My understanding is that given matrix X, I can find its corresponding covariance matrix by:
- finding the means of each column
- subtracting each mean from each value in its respective column and
- multiplying the resulting matrix by its own transpose. Let's call this matrix C.
Here is what it would look like in Python:
Y = X - numpy.mean(X, axis = 0)
C = numpy.dot(Y, Y.T)
If I do this, I can prove mathematically (and experimentally using some simple Python code) that det(C) = 0 always.
However, a colleague tells me that using the inverse of a covariance matrix is common in his field and he showed me some R code to demonstrate.
> det(cov(swiss))
[1] 244394171542
I notice that R has several ways of calculating the covariance matrix that leads to different results. I also notice from Googling that some people say the covariance matrix is always singular (eg here) whereas others say it is not.
So, my question is: why the differences of opinion and what's the true answer?
EDIT: I discovered that the determinant is only zero if the matrix is square. If anybody knows the proof for this or can throw some further light on the matter, I'd be grateful.
Yes your statement is true. Let $X$ a matrix $n\times m$. If you do the algorithm that you wrote above (until the step $2$) you obtain a matrix $Z$ that have the sum of each column equal to $0$.
$$\forall j=1,\cdots,m \quad x_{1,j}-\sum_{i=1}^n\frac{x_{i,j}}{n}+\cdots+ x_{n,j}-\sum_{i=1}^n\frac{x_{i,j}}{n}=\sum_{i=1}^nx_{i,j}-n\sum_{i=1}^n\frac{x_{i,j}}{n}=0$$
Now if you do the product $Y=Z \cdot Z^T$ this statement continues to be true, and such that the matrix $Y$ is symmetric the statement is true for each row too.
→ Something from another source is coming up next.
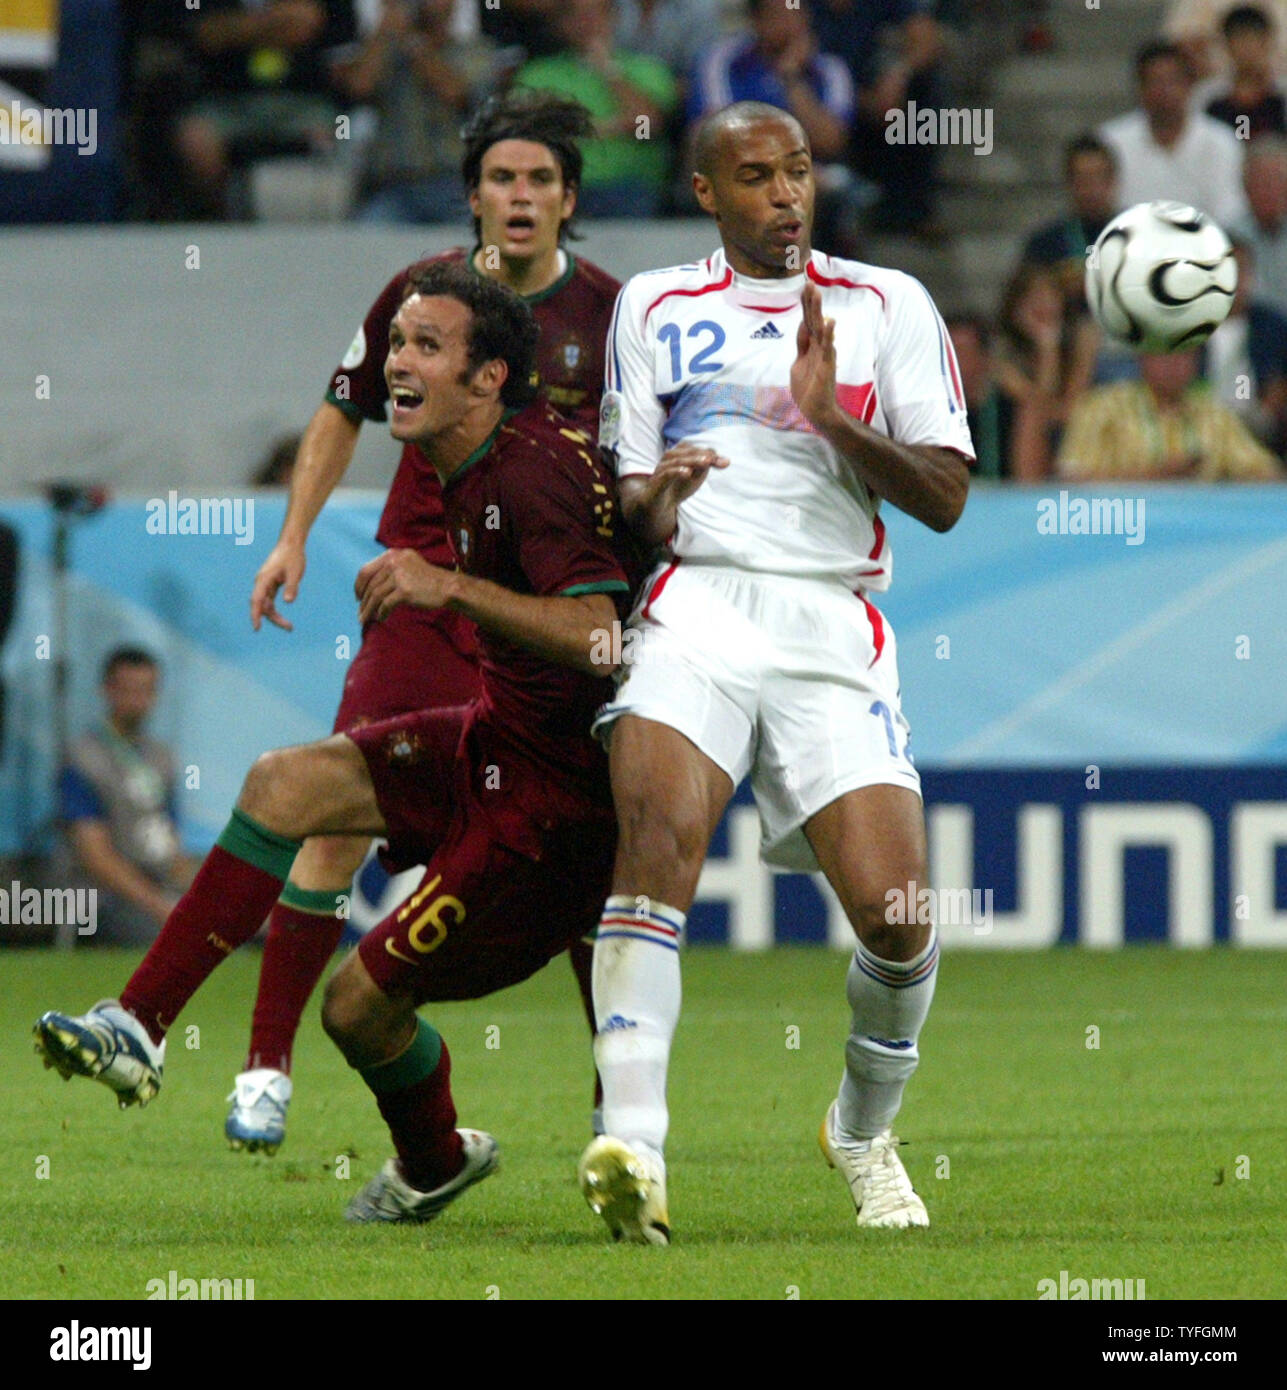 Thierry Henri of France (12) battles Portugal's Ricardo Carvalho (16) fight for the ball in World Cup soccer in Munich, Germany on July 5, 2006. France defeated Portugal 1-0.   (UPI Photo/Arthur Thill) Stock Photo

For example for the first column:
$$y_{1,1}=\sum_{i=1}^m z_{1,i}^2$$ $$y_{2,1}=\sum_{i=1}^mz_{2,i}z_{1,i}$$ $$\vdots$$ $$y_{n,1}=\sum_{i=1}^m z_{n,i}z_{1,i}$$ So $$\sum_{j=1}^n y_{j,1}=\sum_{i=1}^m \Big( z_{1,i}^2+z_{2,i}z_{1,i}+ \cdots + z_{n,i}z_{1,i}\Big)=\sum_{i=1}^m z_{1,i}\left( z_{1,i}+z_{2,i}+ \cdots + z_{n,i} \right)=0$$ Similarly for column=$2,3, \cdots, n$